University of Virginia Library


107

Upon Birth and Infancy.

1

Birth is a kind of Resurrection;
For Man is buried ere he be brought forth.
Th'membrane that veiles the tender Embrion
Is first its winding sheet, then swadling cloath.
Death ushers in mans life, so that the wombe
Is both his genethliack Inne and Tombe.

2

Birth is a kind of Goal delivery.
A Prisoner ere he knowes what's to be free
Man is.
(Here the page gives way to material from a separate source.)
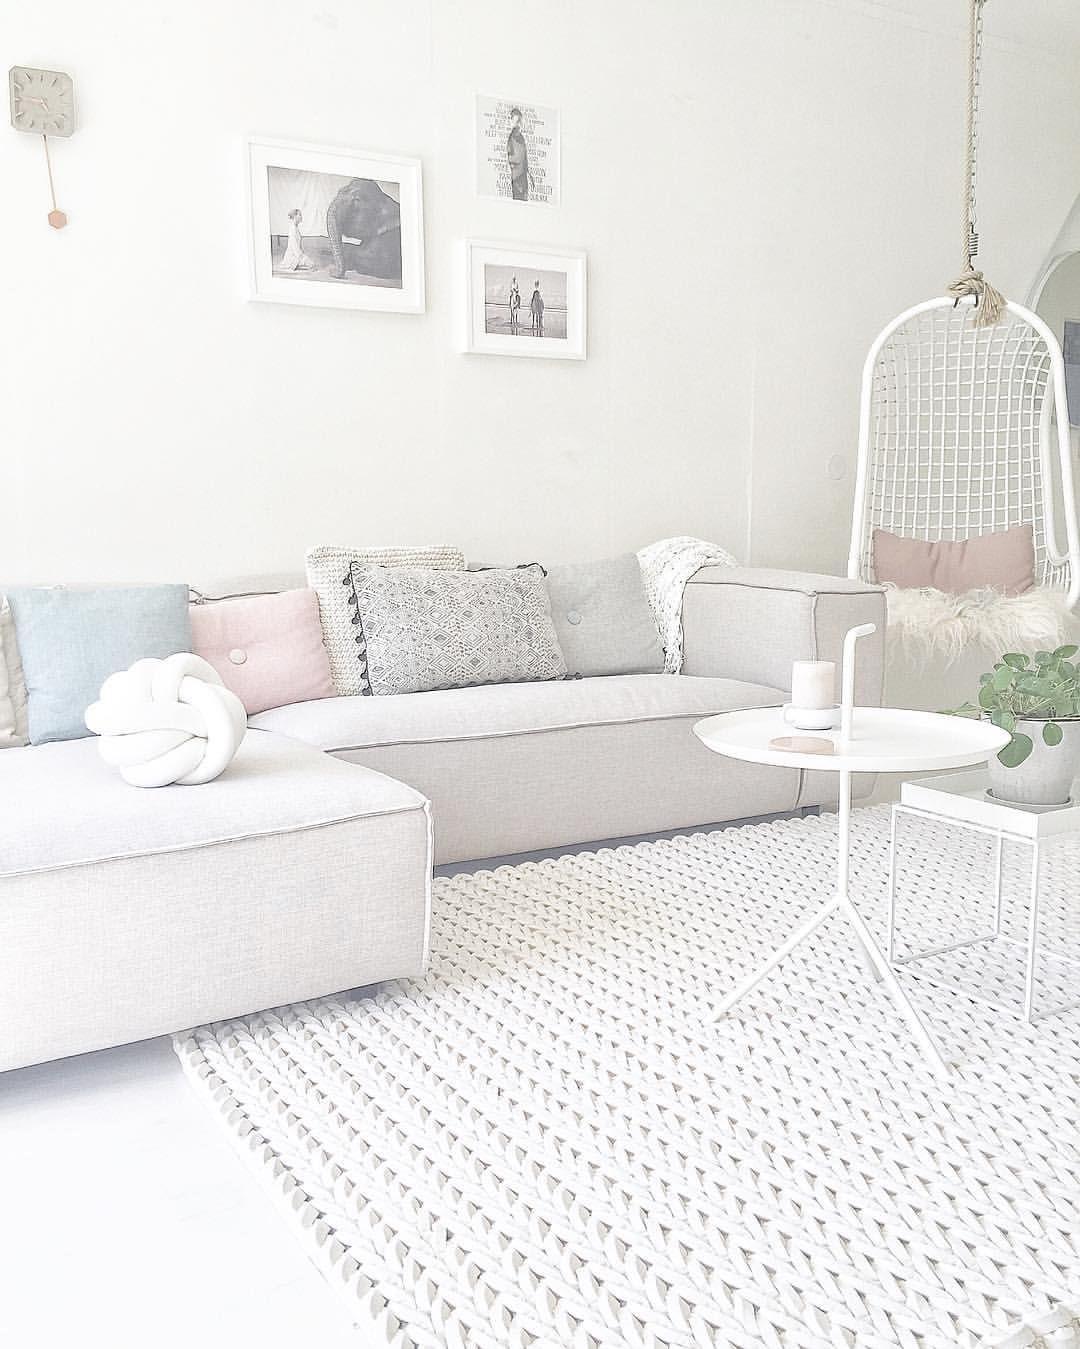 Idee ipv een \'gewone\' fauteuil: een hangstoel. Ik ben echt mega blij ...

Thrice three Moneths doth he cloystered lie
In a maturnall Dungeon, after, he
Lives halfe in nights; whom Lucine forth doth let
Leaves not his darknesse, but exchanges it.

108

3

Gods Commissary Nature doth bestow
The inborn Principalls and Physicall
Dictates of Reason on him, this yee don't know.
And thus alone he proves he's rationall,
He wailes with cries which no salt teares do want
The Ignorance of which he's Ignorant.

4

His lives twilight, or dawning of the Day
In this same wheel or circular is spent,
He sucks, sleeps, cries, Tria sunt omnia.
As if he deem'd Death gain, Life punishment.
He's quiet but sleeping when in jeast he dies,
But when he wakes, and finds he lives, he cries.

5

He is beholding to (though he's by Birth
The Monarch of the whole creation)
Brute Animalls and hospitable earth
Both for his vestments and nutrition.
Being cloath'd he's lull'd asleep by his own cry,
So, ere he 'gins to live, he learns to die.